# Supplied information:
◇ ◇ ◇ ◇ ◇
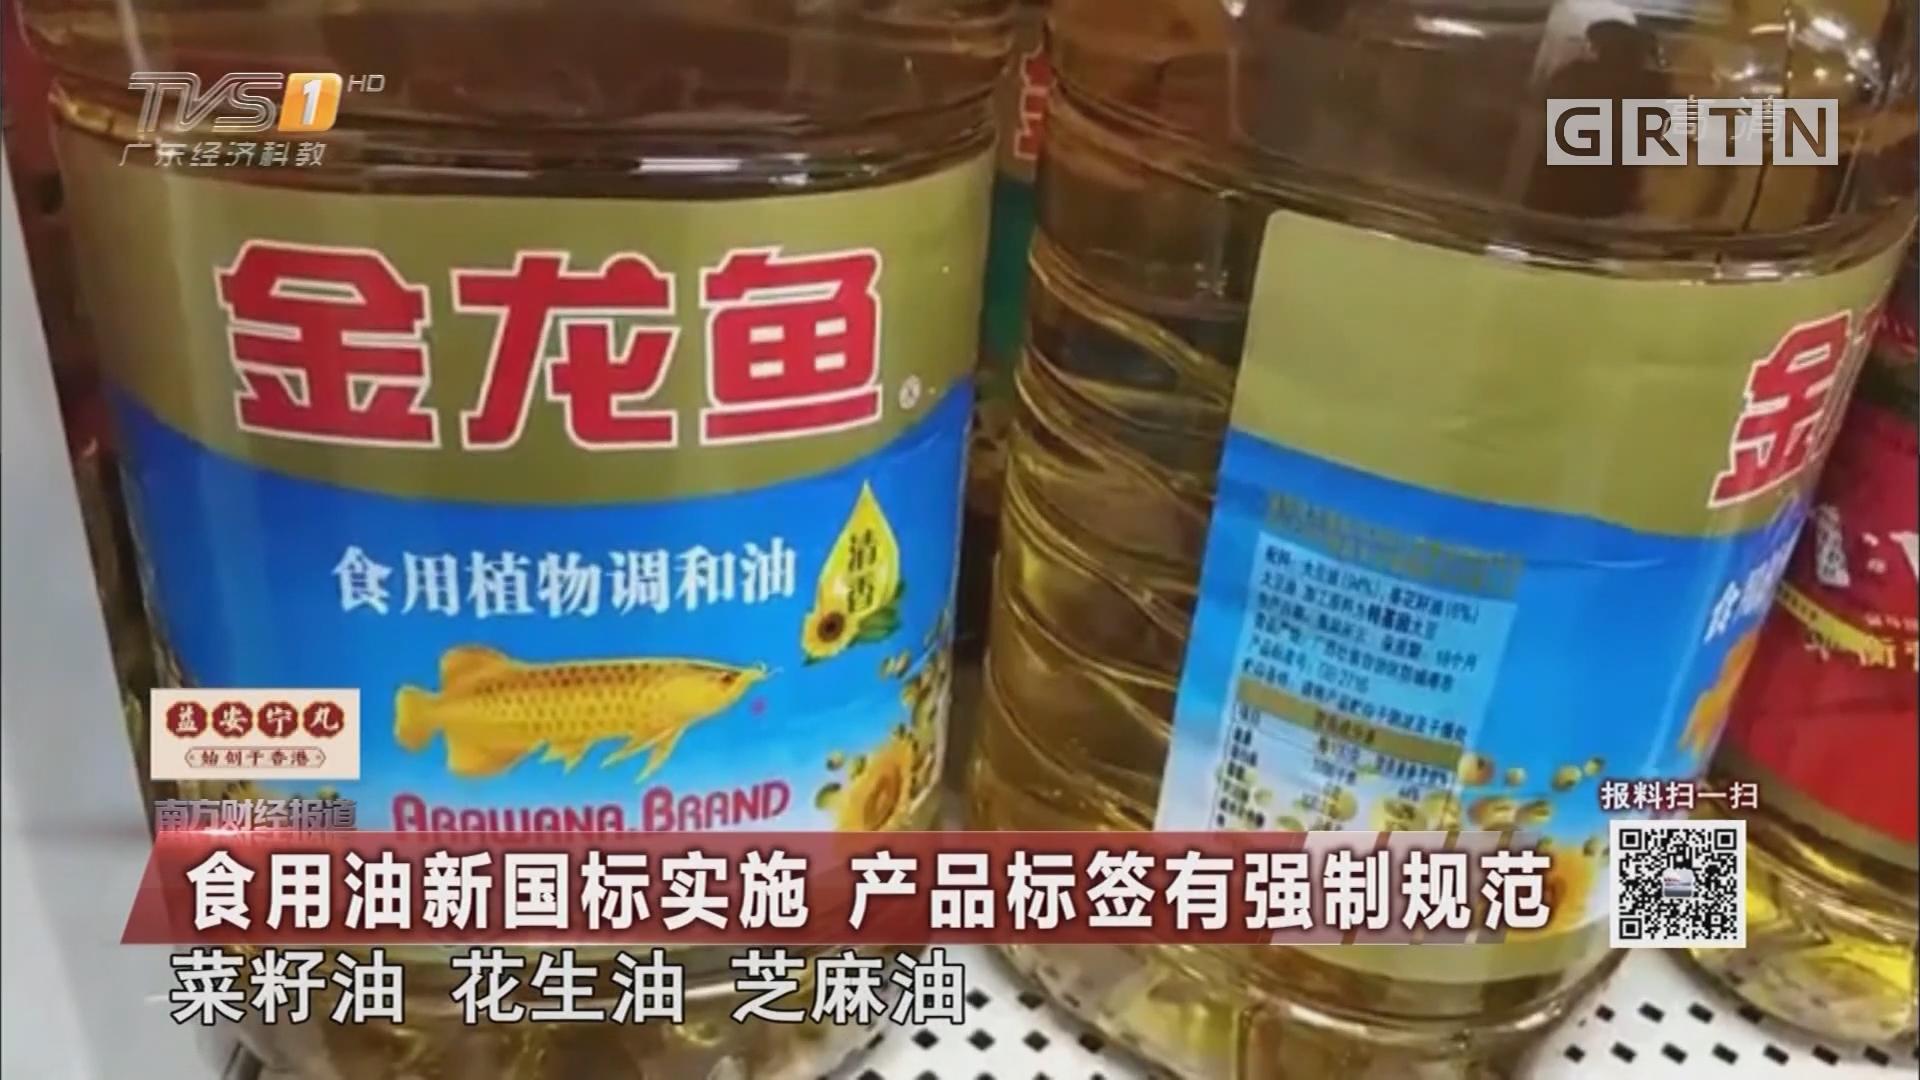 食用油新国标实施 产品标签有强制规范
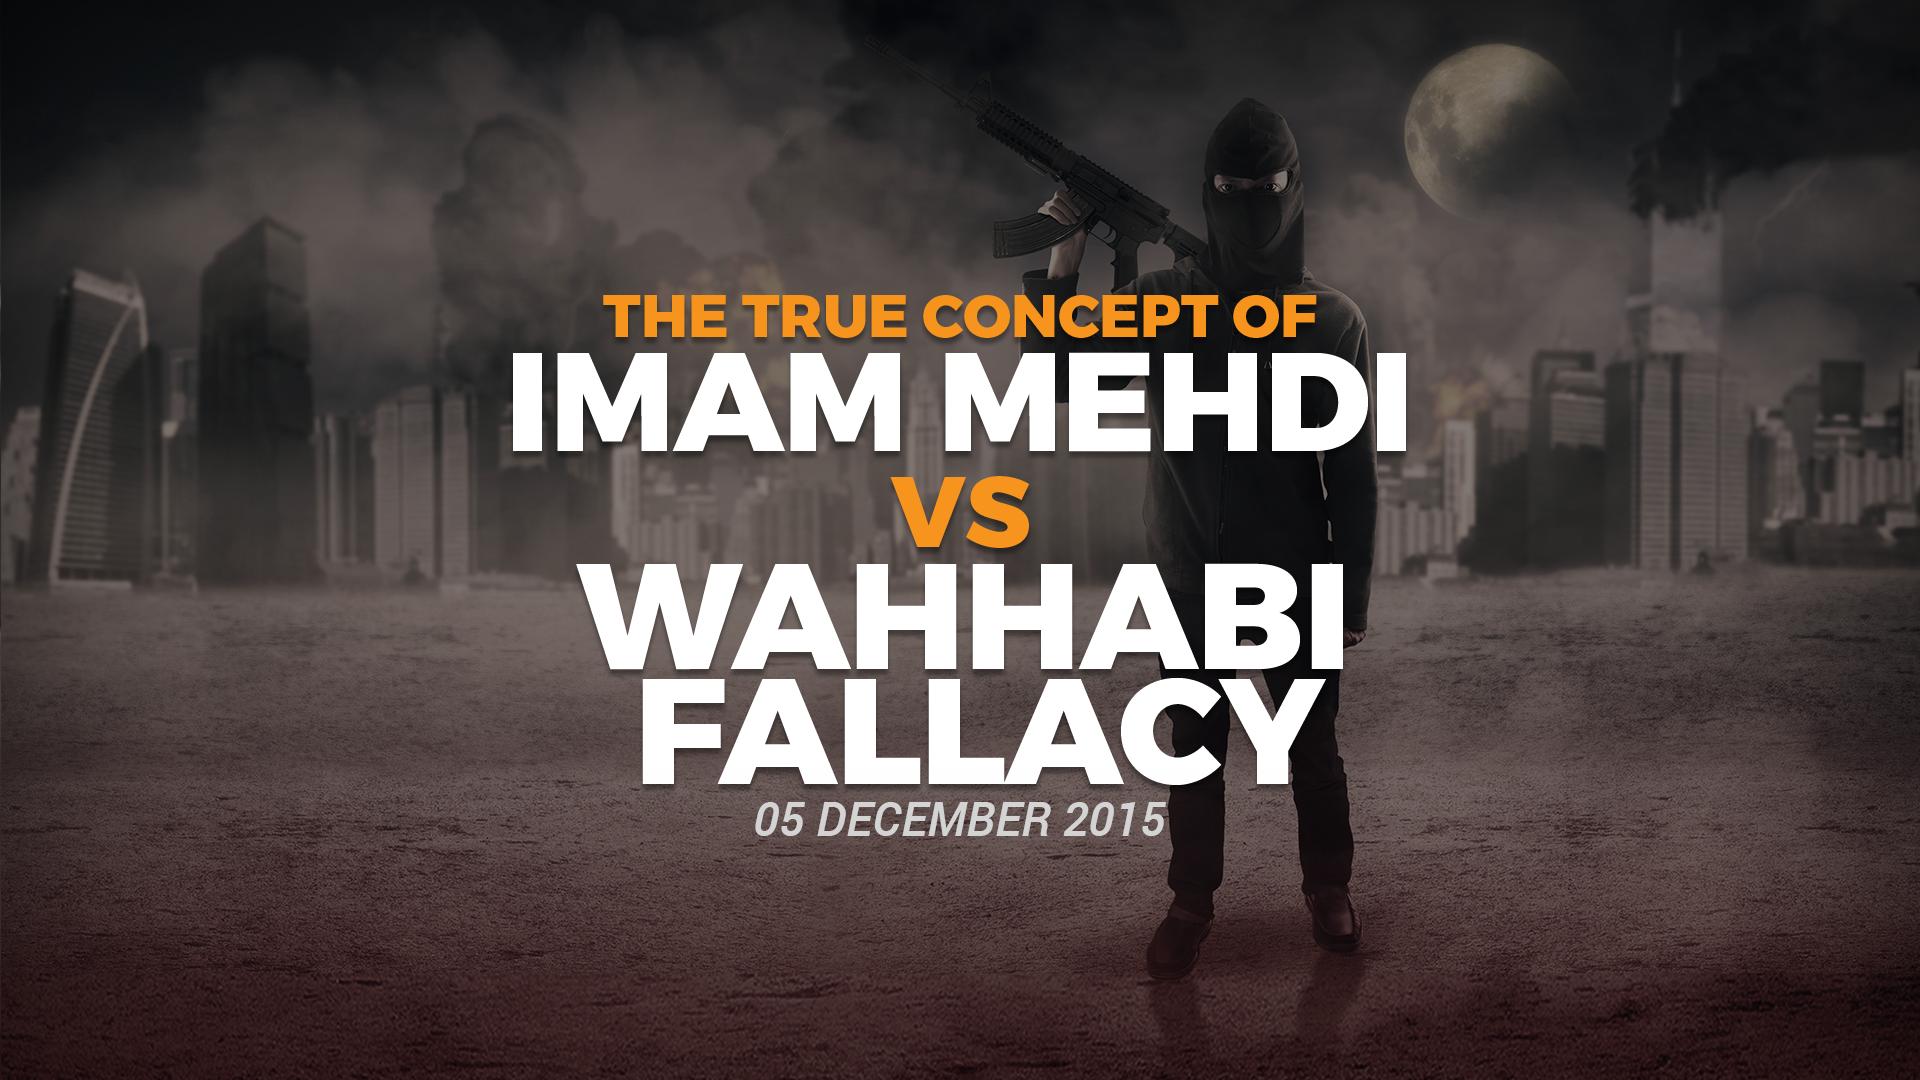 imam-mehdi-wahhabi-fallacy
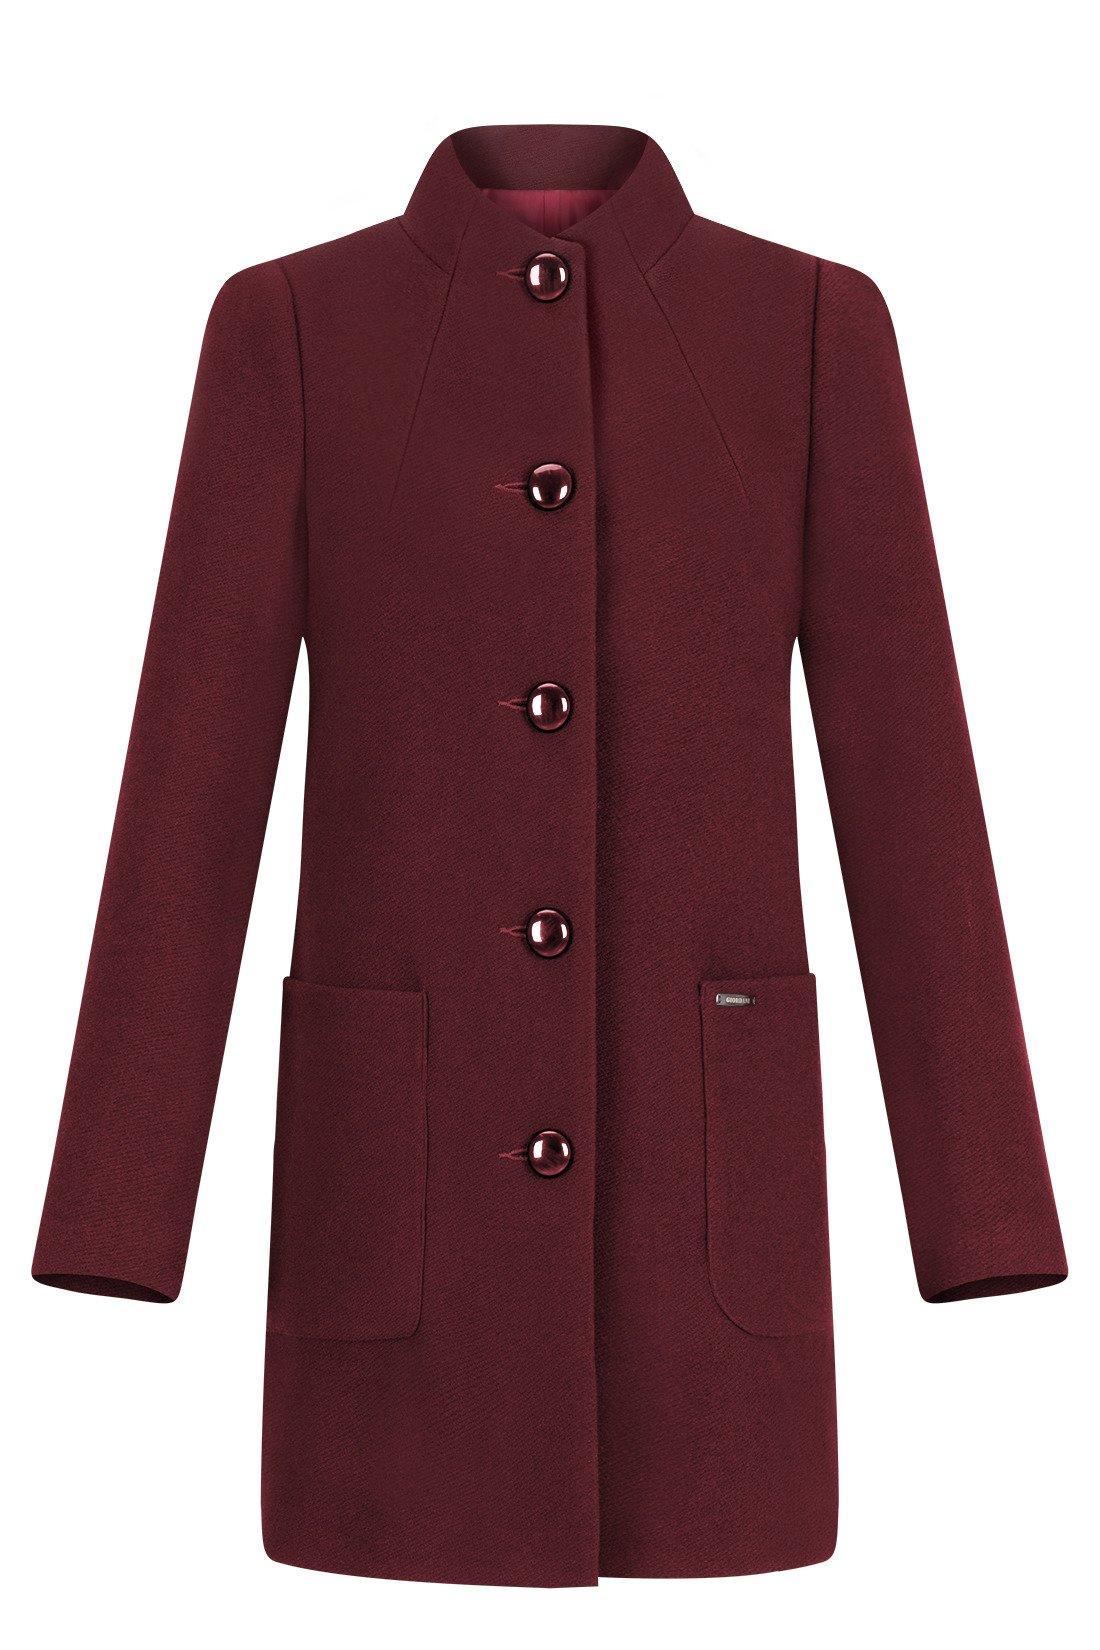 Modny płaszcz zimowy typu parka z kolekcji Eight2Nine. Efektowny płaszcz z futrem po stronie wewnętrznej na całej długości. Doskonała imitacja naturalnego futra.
◇ ◇ ◇ ◇ ◇
# Exercise:
Without changing a single word, set down all of the material again and leave out its pictures.

# Solved problem:
 食用油新国标实施 产品标签有强制规范
 imam-mehdi-wahhabi-fallacy
 Modny płaszcz zimowy typu parka z kolekcji Eight2Nine. Efektowny płaszcz z futrem po stronie wewnętrznej na całej długości. Doskonała imitacja naturalnego futra.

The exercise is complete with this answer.